Secondly, within the plot we can see the smaller windows (100 and 1000) appear to stop within the bounds of the timeline filters by the larger windows do not. This is because Raphtory allows for perspectives to run at any timepoint, but will only include the data within the set timeline filters.

  • For the 100 and 1000 size windows this means the perspectives at 21,000-32,000 return an empty set and are not plotted.

  • For the 10,000 size window, it still has some data available, though this decreases to almost nothing by the final timepoint.

  • For the 100,000 size window, which includes everything as the window is larger than the whole history, this flatlines from 20,000 as it doesn’t lose any data, but nothing new can be gained.

Interestingly, if you change the alignment to start, both of these trends are reversed. If you are running this notebook yourself, you should give this a go and check out the plot.

[5]:
#Define our set of windows going up in orders of magnitude and our figure
windows = [100,1000,10000,100000]
fig, ax = plt.subplots()
ax.set_xlabel("Timestamp")
ax.set_ylabel("Co-occurrences")

#Run our query over a range from line 0 to 32000 with increments of 1000 sentences with two timefilters and our windows applied
df = lotr_graph \
      .starting_from(5000)\
      .to(20000)\
      .range(0,32000,1000) \
      .window(windows,Alignment.end())  \
      .execute(ctx.algorithms.generic.centrality.Degree()) \
      .to_df()

#For each window plot out the co-occurrences
for window in windows:
    group_outdegree_and_plot(df[df['window']==window],ax,"window size="+str(window))

ax.legend()

df.head(5)

[5]:
timestamp window name inDegree outDegree degree
0 6000 100 Merry 1 0 1
1 6000 100 Sam 0 1 1
2 6000 1000 Gil-galad 2 0 2
3 6000 1000 Frodo 2 3 4
4 6000 1000 Bob 2 1 3
../_images/Introduction_analysis_9_1.png

Dealing with timestamps and time scales

At this point you may be thinking “It is all well and good working with these logical epochs, but my data has real timestamps”! If so, let’s take a quick detour away from our Lord of The Rings graph and have a look at another example which has some real-world time.

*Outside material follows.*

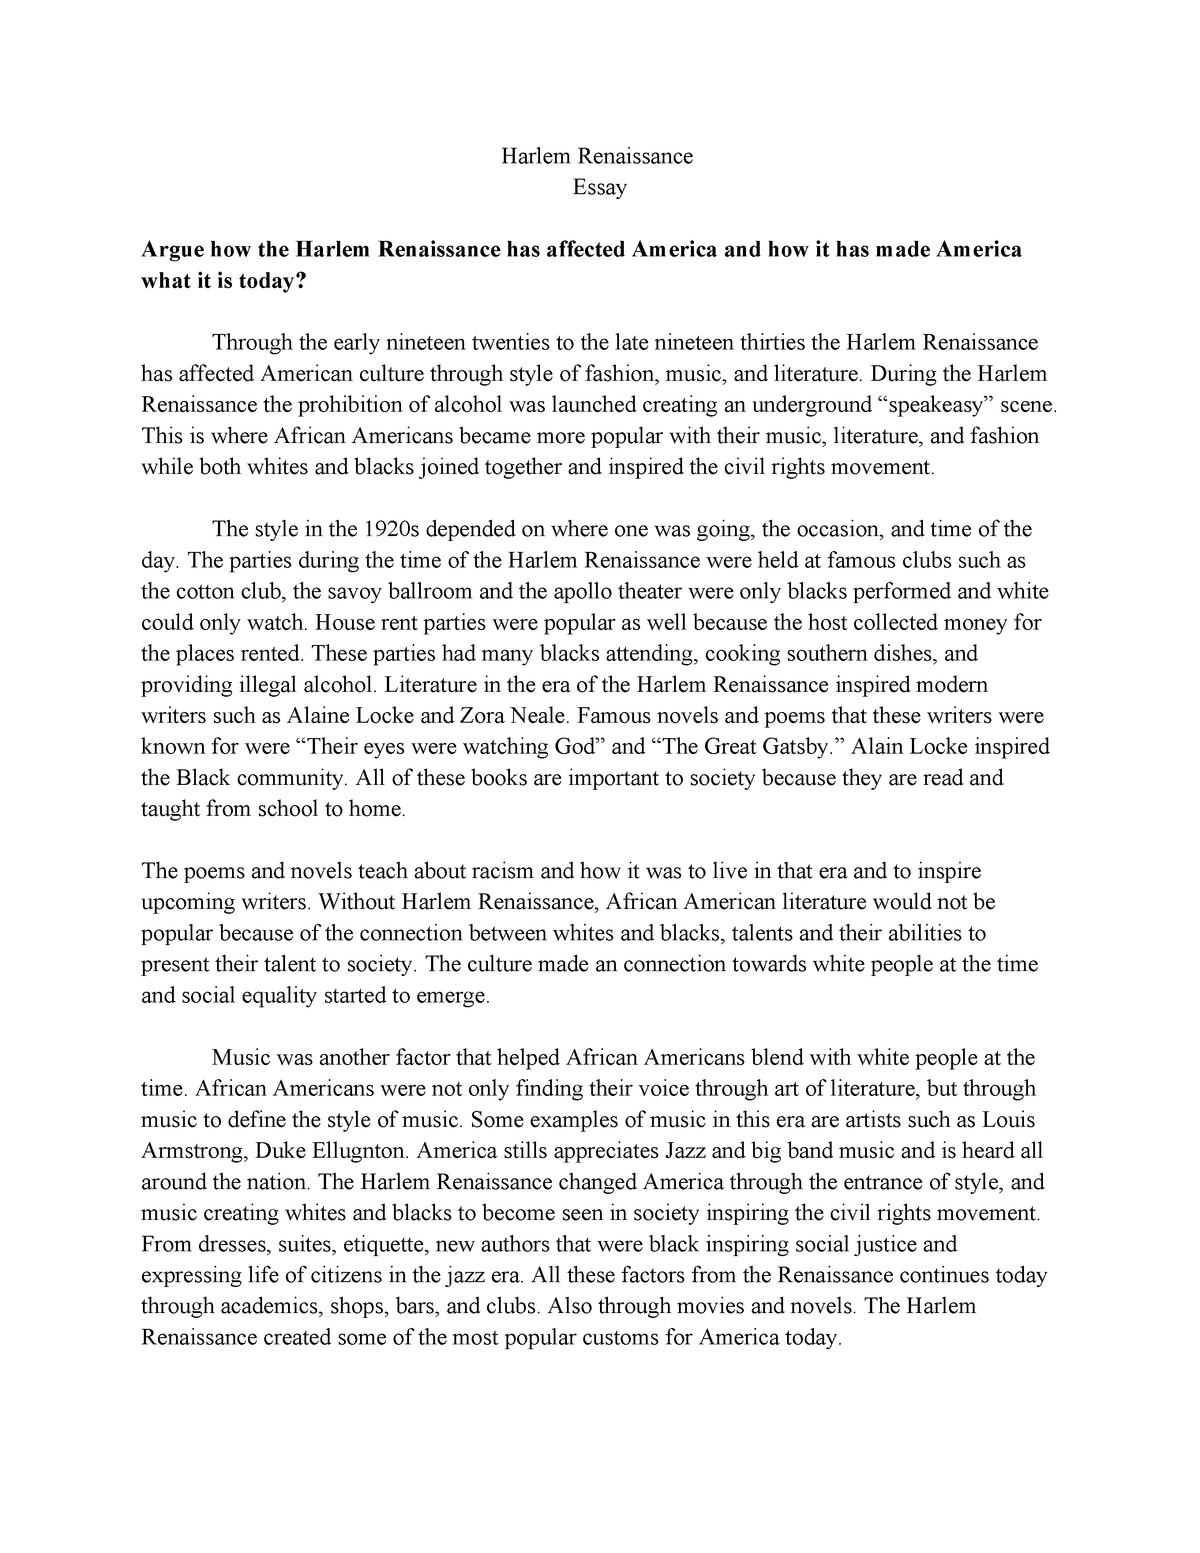 thesis statement for harlem renaissance

Below we are downloading a dataset of users interacting on Stack Overflow - originally from the SNAP data repository. In our modelling of this data edges will be created between users whenever anyone answers or comments on another user’s question.

To simplify things we have stripped the original data down to three columns:

  • The source of the interaction (the commenter)

  • The destination of the interaction (the question asker)

  • The time at which this interaction occurred

[6]:
import os
if not os.path.isfile("/tmp/stackex.csv"):
    !curl -o /tmp/stackex.csv https://raw.githubusercontent.com/Raphtory/Data/main/stackexchange.csv
print()
print("Source,Destination,Timestamp")
!head -n 3 /tmp/stackex.csv
  % Total    % Received % Xferd  Average Speed   Time    Time     Time  Current
                                 Dload  Upload   Total   Spent    Left  Speed
100 5613k  100 5613k    0     0  3371k      0  0:00:01  0:00:01 --:--:-- 3369k

Source,Destination,Timestamp
1,2,2009-09-29 06:36:52
25,1,2009-09-29 15:00:04
14,16,2009-09-29 23:26:06

Ingesting this data works almost exactly the same as before, the only difference is that we keep the timestamp as a String and must additionally provide a time_format which allows Raphtory to understand how to convert the String into a DateTime object.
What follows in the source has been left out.